Given its sheer magnitude, even minor improvements in African agriculture have the potential to determine the prosperity of the entire continent. Over the next decade, the sector is going to have to expand, considerably, to nourish a growing and, much younger, population. The industry is ripe with opportunities that will inevitably shape the economies of tomorrow.

Masiyiwa is betting that Africa’s next big ideas are probably going to be in its agriculture. “Twenty years ago the idea that people could have their own [mobile] phone was almost as ludicrous as the idea that Africa will feed the world. But 20 years from now, this continent will feed the world,” he predicted in 2015.

Today, he’s proving it. Early in 2019, Masiyiwa began introducing his online followers to disruptors in African agriculture.
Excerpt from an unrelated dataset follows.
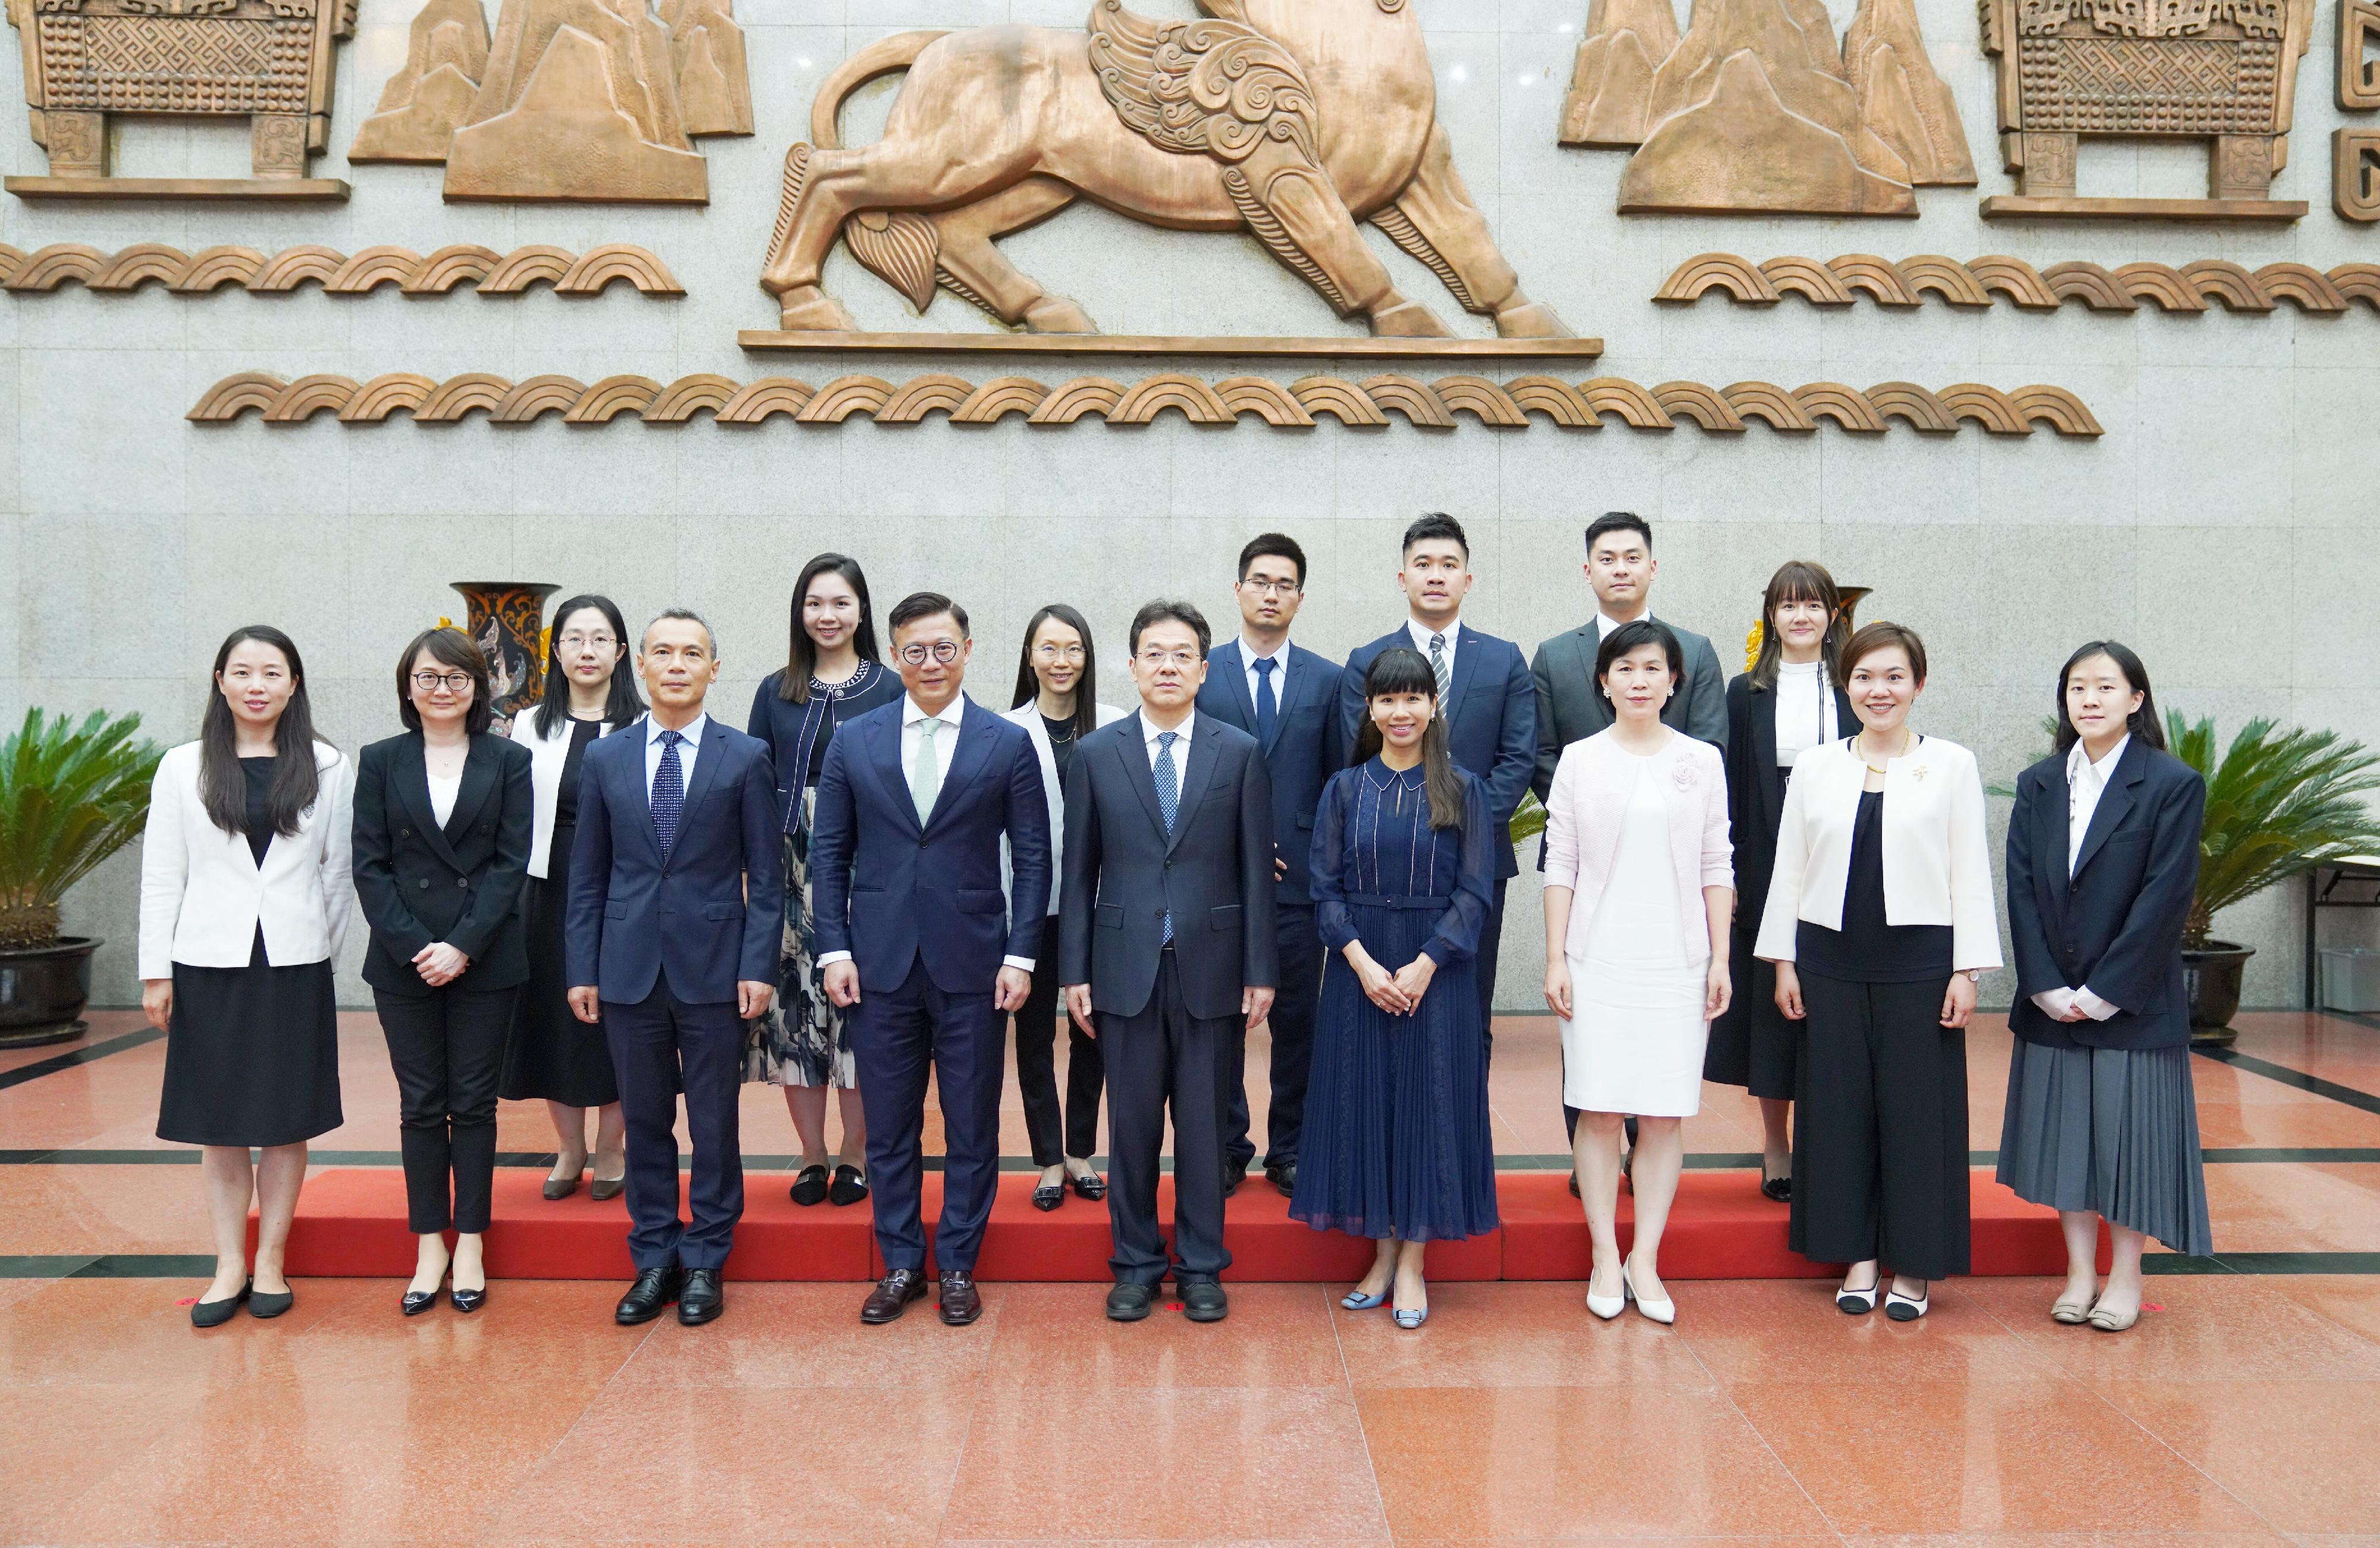 律政司副司长张国钧六月十三日于北京拜访最高人民法院。图示张国钧（前排左四）与最高人民法院常务副院长邓修明（前排中）及其他高层人员合照。

The series, Agri-food Entrepreneurs of Africa, reads like a collection of casual, yet effortlessly cool, business cases that feature agripreneurs who’re already calling their bets.

The first post was all about Hello Tractor, an app that makes tractor hire accessible and affordable to smallholders. Popularly known as ‘Uber on The Farm’, the company also has its own Forbes mention and hopes to help boost the productivity for over a quarter million farmers in Nigeria, Kenya, Senegal, Tanzania, Pakistan, and Bangladesh.

One Acre Fund also made the series, where Masiyiwa used our model to show how entrepreneurs can scale a solution for agricultural development, featuring interviews with our founders. In a nutshell, he shared with his followers, amicably referred to as the ‘Senior Class’, that our “innovation was the unique ‘bundle’ of #products#people and #processes (plus a dash of mobile technology) that... all focused on putting ‘Farmers First!’ (not funders or anyone else).”

When it comes to African agriculture, we’re in Masiyiwa’s corner. The industry isn’t just the present but the future of the continent. We’d love to have more farmer-focused enterprises join us out in the fields. There’s so much to be done, and the industry needs new visionaries to keep it growing.

From all of us, the sector is grateful for the encouragement, Mr. Masiyiwa!